(March 1, 2019 at 1:01 pm)PRJA93 Wrote: It's not a matter of belief. There's no real evidence to support the claims made in the Bible.
Again, I am using the term "belief" in its simplest sense: something one holds to be true.
You have very specific criteria which you hold to be true concerning what constitutes good evidence. Other people disagree with you. When talking with such people, you would have to defend your beliefs concerning what constitutes good evidence.
I'll guess (and you can correct me if I'm wrong) that when you say "evidence" you mean input of the type that scientists use. Religious people may also include revelation, authority, tradition, the logic of natural theology, and the logic of metaphysics. They may be wrong to do so. But the position you hold and the position they hold are both criteria by which you reach conclusions, and require support.
Quote:I won't pretend to know what "every single adult atheist" thinks, but by definition, they do not have a belief in any god or gods.
By definition, they hold it to be true that the claims they have heard concerning god are unpersuasive. Do you have an argument against this?
Quote:The entire concept of religion requires you to fit reality into your preconceived notions, not the other way around.
That's an interesting assertion. Is it true in every single case? Are all religious people, of every type everywhere, operating in the way you say?

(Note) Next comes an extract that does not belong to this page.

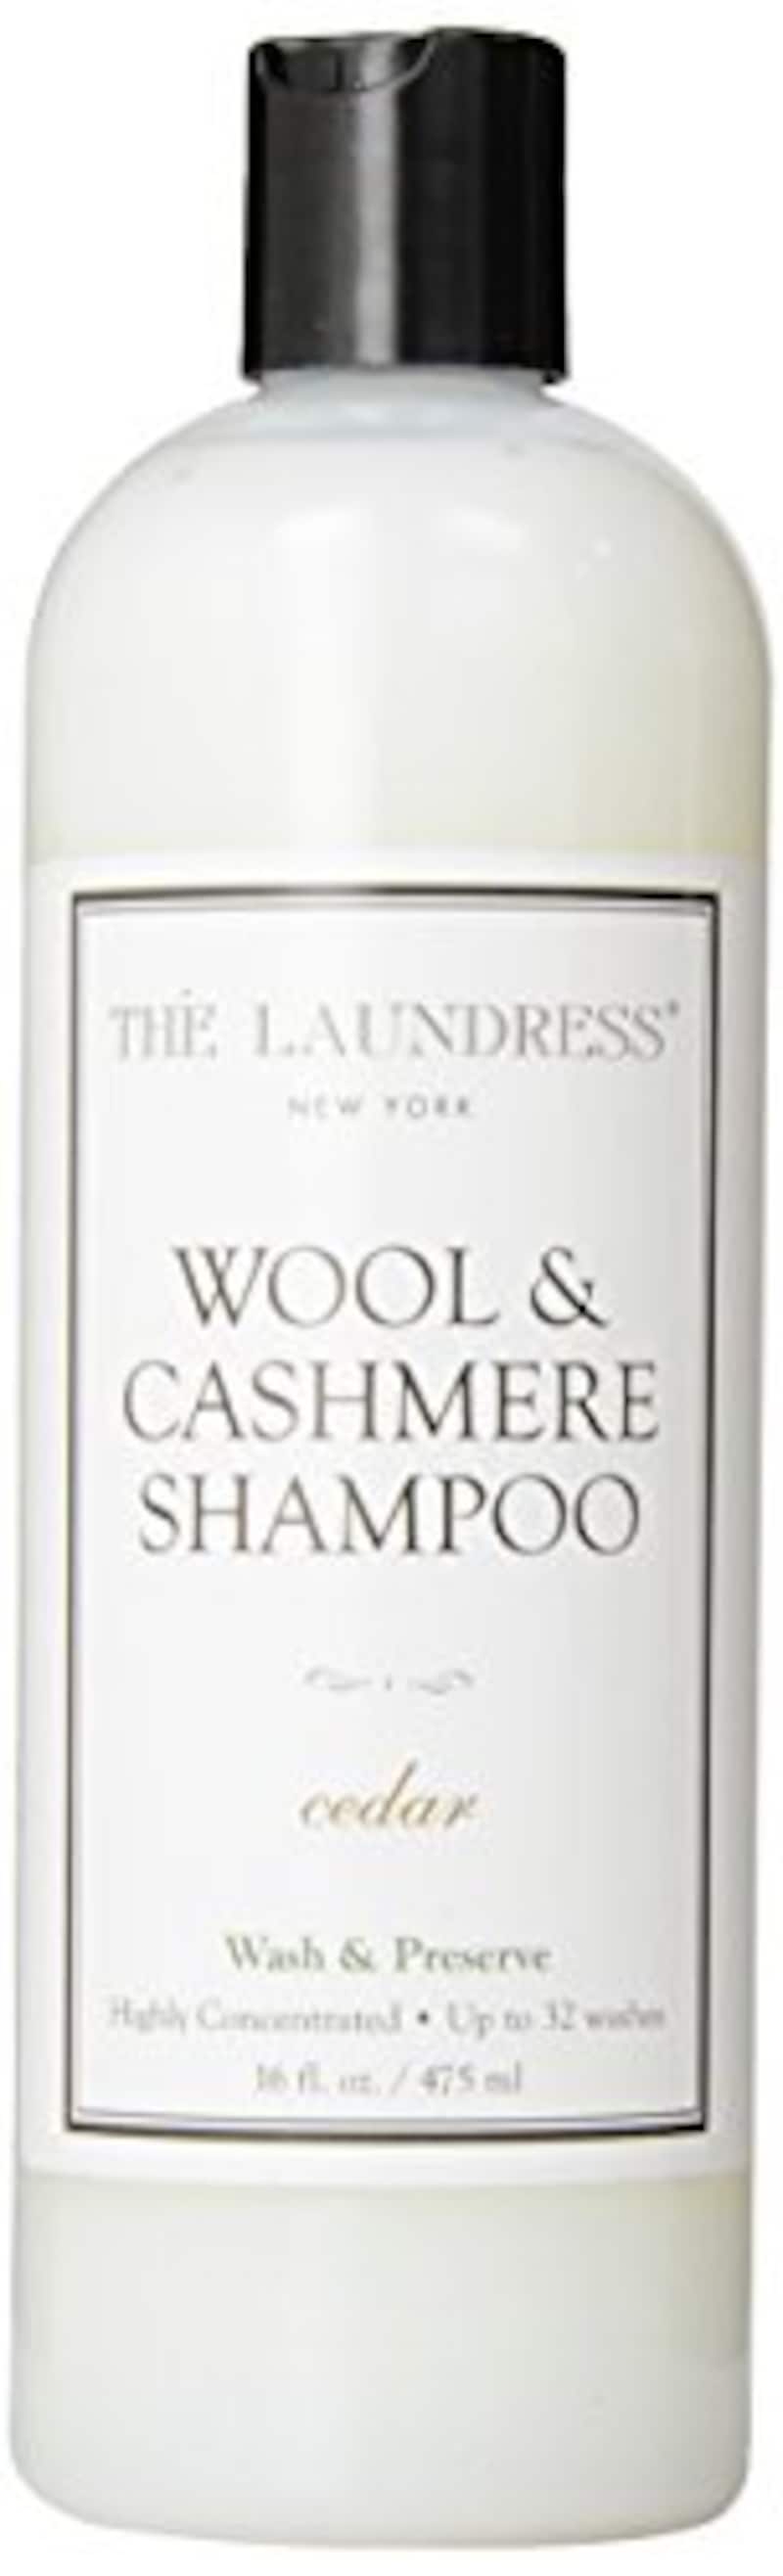 THE LAUNDRESS(ザ・ランドレス)  ウールカシミアシャンプー cedarの香り475ml

Right now I'm reading the autobiography of a very intelligent and wise scholar. She studied biology at Cambridge in the 1930s, during the time when Russell and Wittgenstein's views of religion were at their most influential. None of the undergraduates in her circle took religion seriously, all of them thought that a purely materialist view of the world was the only truth and the only thing possible for honest people in the future.
If you're into poetry at all, it will be meaningful for you to know that in those days Yeats was considered laughable while William Empson's poetry was seen as the wave of the future.
Cambridge in the '30s pretty much pioneered the kind of beliefs that are popular on this forum.
Anyway, that scholar discovered that the purely rationalist view of things failed to explain the events of her life. After decades of conflict based on trying to retain this science-only view of things, she was reluctantly forced to change. She became an important scholar of Neoplatonic philosophy--including its religious aspects--and a wise spokesman for the value of such a view. To his credit, William Empson, who despised Christianity, continued to value her advice.
So there is an example of a profoundly intelligent woman who doesn't fit your description of what religious people are like. And I think it's better to examine the ideas of intelligent people rather than stupid ones.
Quote:because religious folks refuse to even define what god is.
This is downright false. This is something you believe which is blocking your ability to analyze things clearly.
There are any number of reasons to fight with religious people. It's true that different views give different and incompatible definitions. It's true that many of the definitions are not persuasive. It's true that the older definitions are incompatible with good science. But to say they "refuse to even define" it is false.
An example: actus purus. This is an important definition in the Christian tradition. It may be good and it may be terrible, but it is a definition.